Don't give in to her _demands_ for attention; rather, give her attention on your terms. If she paws, nudges, or whines at you ignore her - not even eye contact! Stand up and turn your back on her if you have to. Be alert for the point when she (hopefully) gives up and is quiet/not soliciting attention -- if it is even for a second that's when you swoop in and ask her to sit and _then_ give her attention for doing what you ask. She only gets to come up on furniture by your invitation, not by her own choice -- and yes, it may take what feels like a hundred repetitions of "off" and her getting back on before she gives up, at which point you can invite her to lay quietly by you on the couch (BTDT).

It's hard, very hard, to be consistent and not feel like you aren't allowed to pet your dog. But once she learns you are not at your beck and call in her presence, she will hopefully not expect you to be at her beck and call in her absence, either.

(If your dog truly has separation anxiety rather than just being very entitled and demanding of attention, this stuff isn't going to cut it... but for those dogs who just think the universe revolves around them and need an attitude adjustment it's a good start.)


----------



## Ronin rogue (Jun 23, 2010)

sassafras said:


> Don't give in to her _demands_ for attention; rather, give her attention on your terms. If she paws, nudges, or whines at you ignore her - not even eye contact! Stand up and turn your back on her if you have to.
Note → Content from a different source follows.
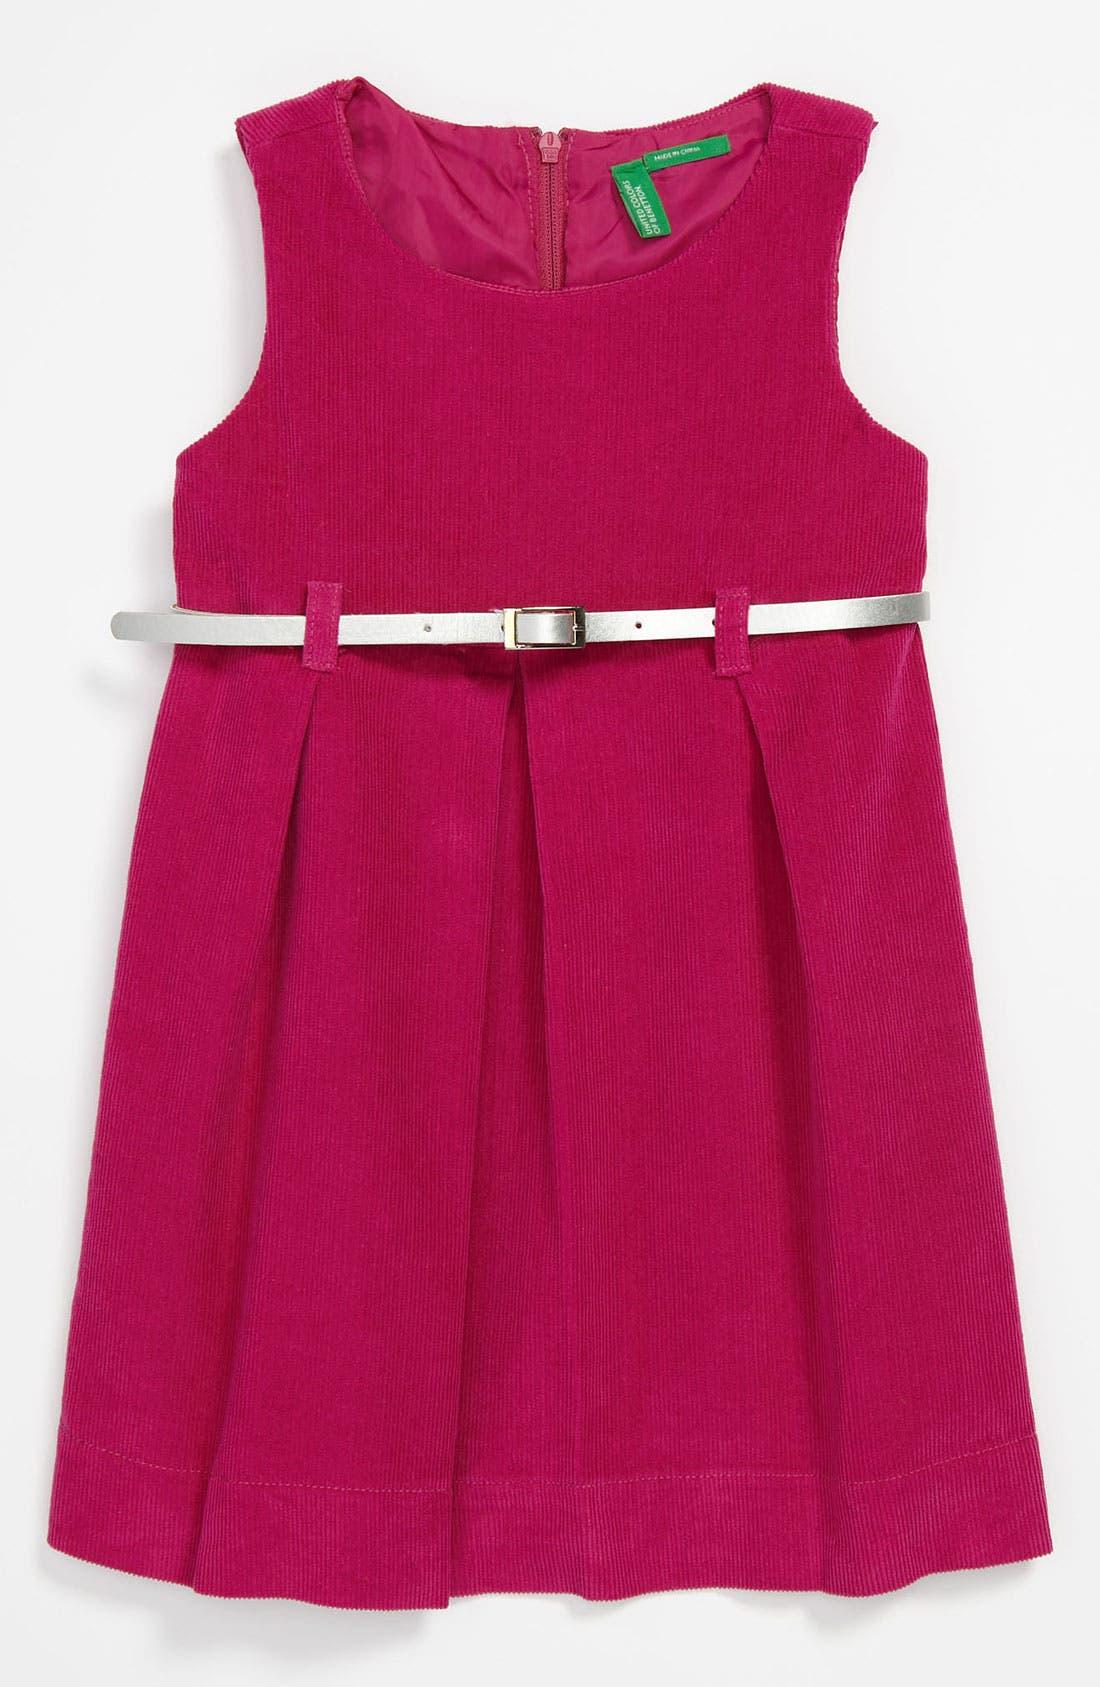 Alternate Image 1 Selected - United Colors of Benetton Kids Corduroy Dress (Infant)

Be alert for the point when she (hopefully) gives up and is quiet/not soliciting attention -- if it is even for a second that's when you swoop in and ask her to sit and _then_ give her attention for doing what you ask. She only gets to come up on furniture by your invitation, not by her own choice


In this case you are punishing her by ignoring her. Only punish her for inappropriate behavior. When she comes to you and quietly rests her head on your arm rest, that is an appropriate way to ask for affection. IMO 

Different people have different ideas of what is and is not appropriate. Reward her when she asks the right way and ignore her when she asks the wrong way. Remember to be consistent.


----------



## sassafras (Jun 22, 2010)

Ronin rogue said:


> In this case you are punishing her by ignoring her. Only punish her for inappropriate behavior. When she comes to you and quietly rests her head on your arm rest, that is an appropriate way to ask for affection. IMO
> 
> Different people have different ideas of what is and is not appropriate. Reward her when she asks the right way and ignore her when she asks the wrong way. Remember to be consistent.


Oh absolutely everyone is going to have their own opinions and tolerances for what behaviors are ok. The nice thing is, the principle is the same regardless of where anyone's personal limits lie.
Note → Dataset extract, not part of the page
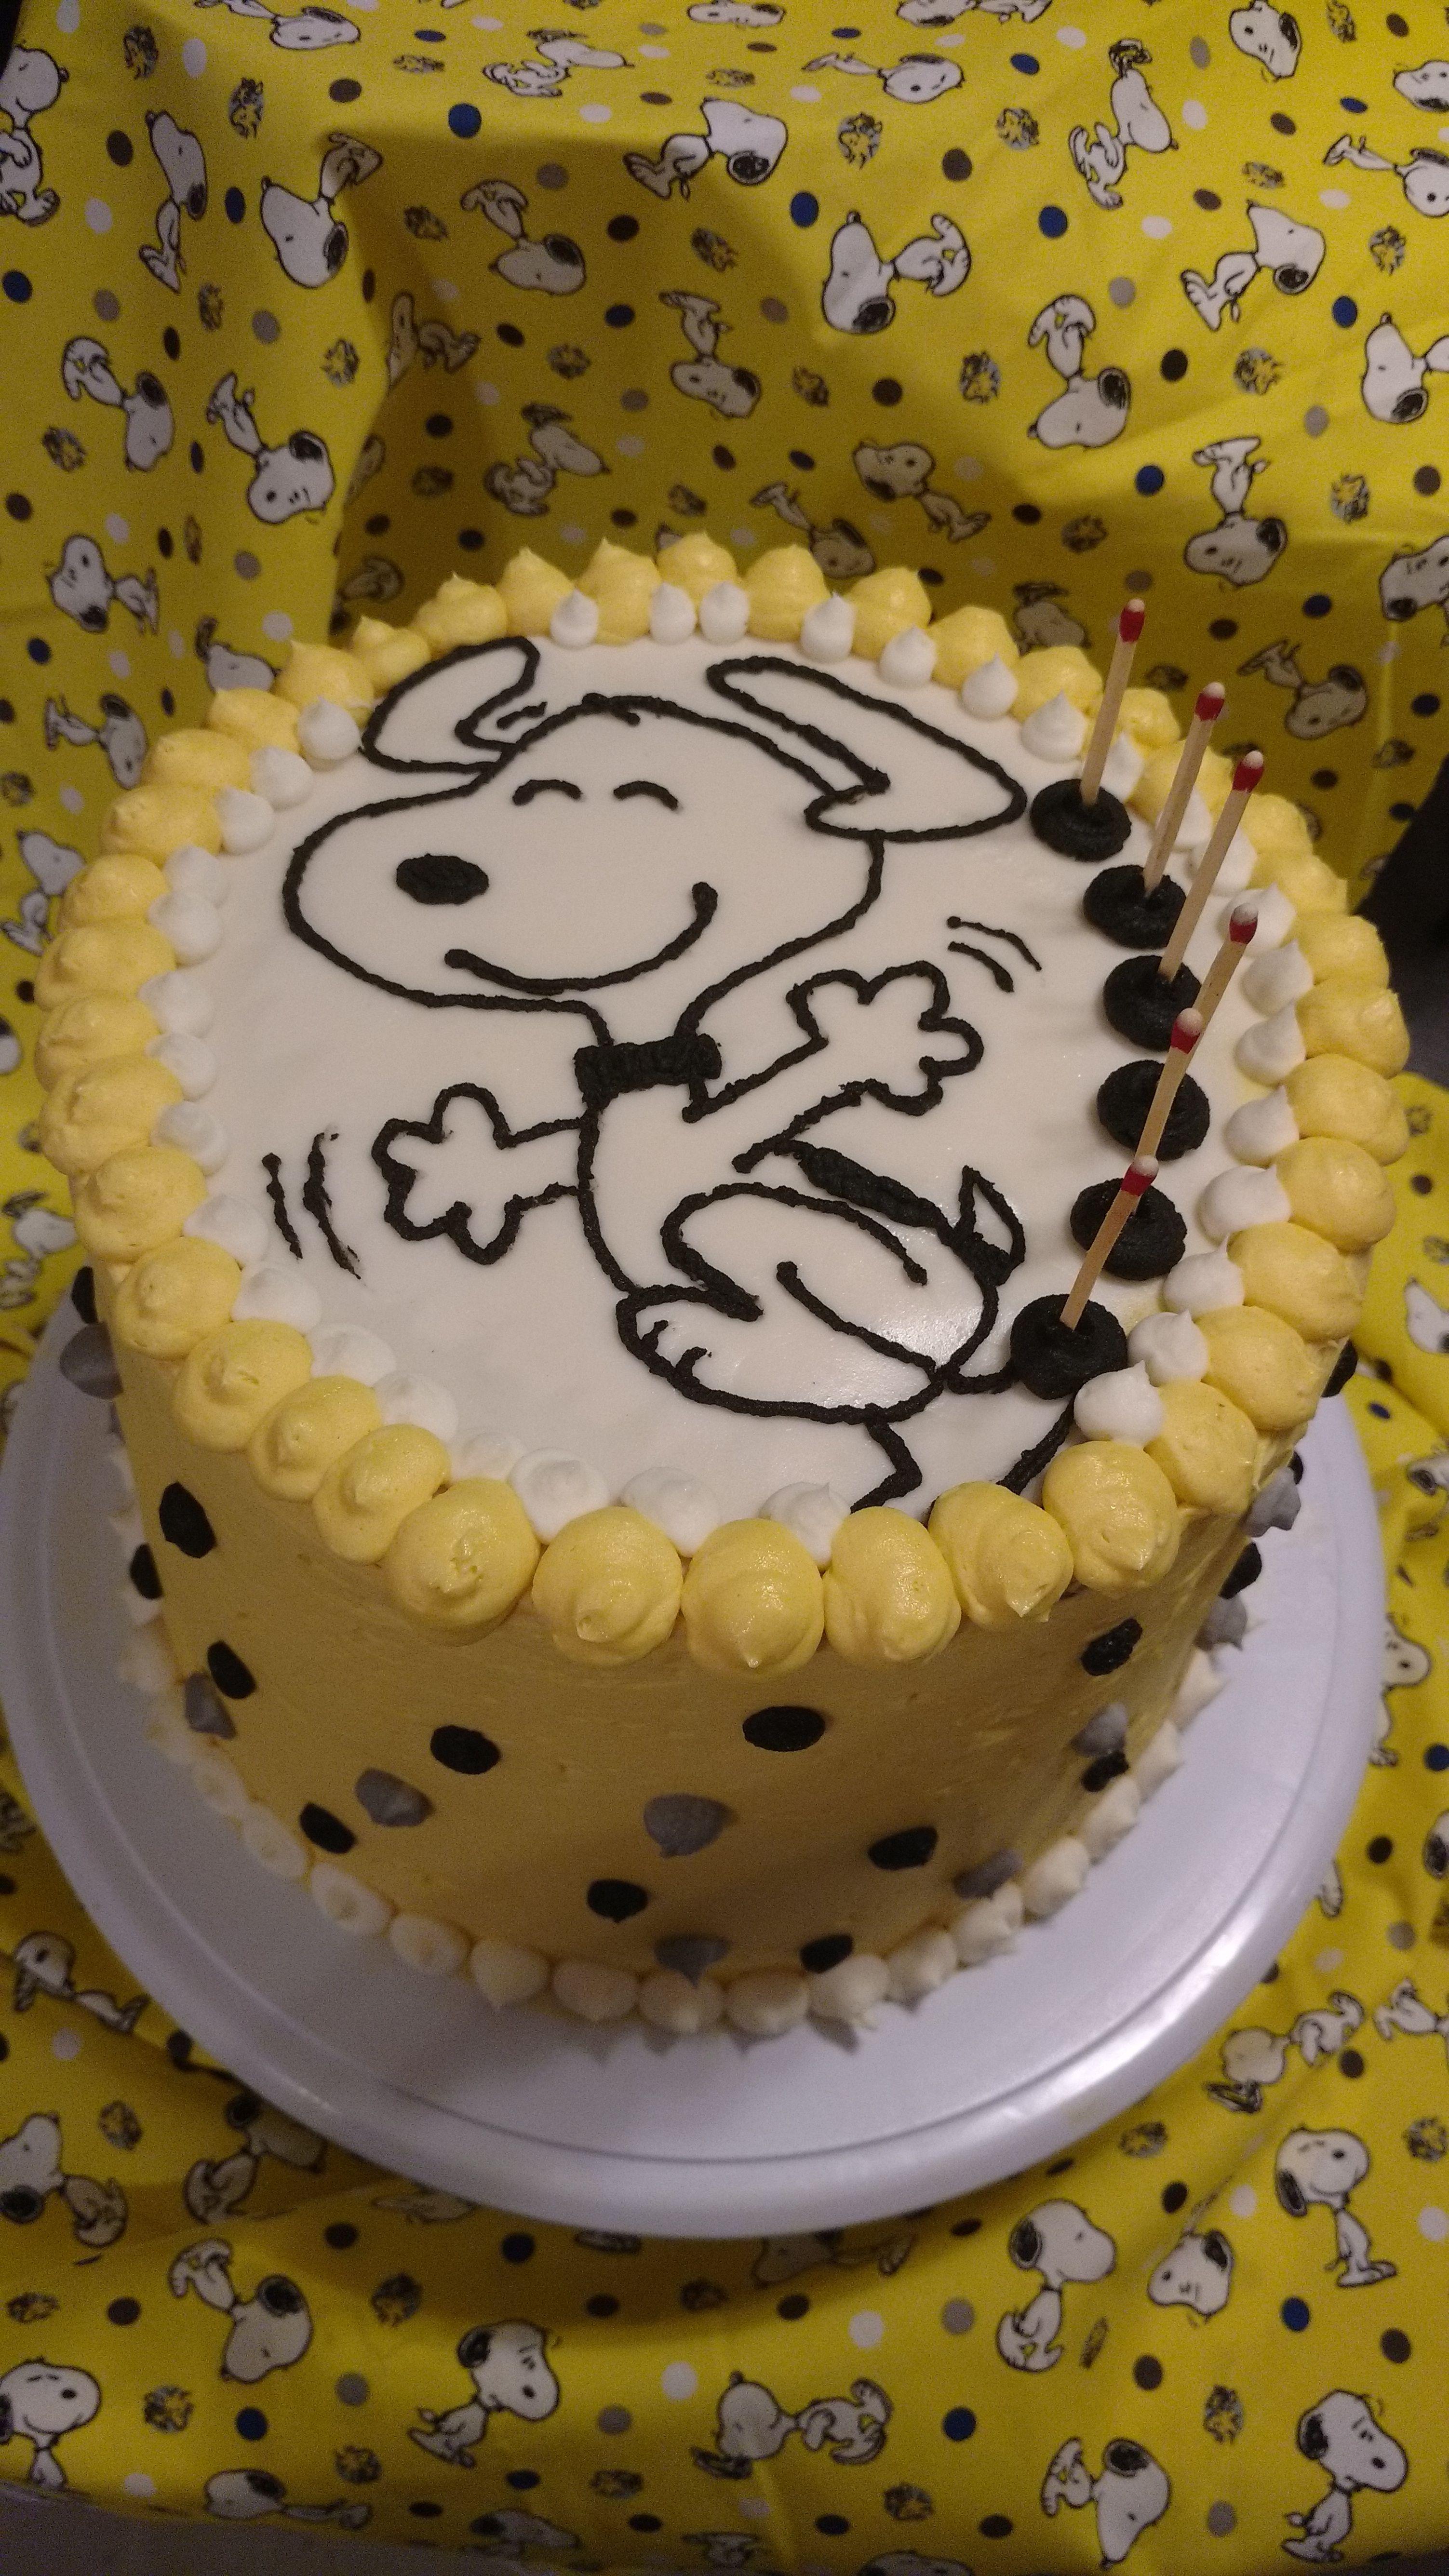 Snoopy Birthday Cake For My Fav Joe Cool Who Turned 60

(In our house we have a hardcore "give an inch, take a mile" boundaries-pusher. It takes her about a half-second to conclude things like that "since resting my head on the armrest is ok, I'm going to see if shoving my head in your armpit is ok, too". So we have to be very strict and consistent about acceptable attention-seeking behavior, which is pretty much just come and sit or lie down politely.)


----------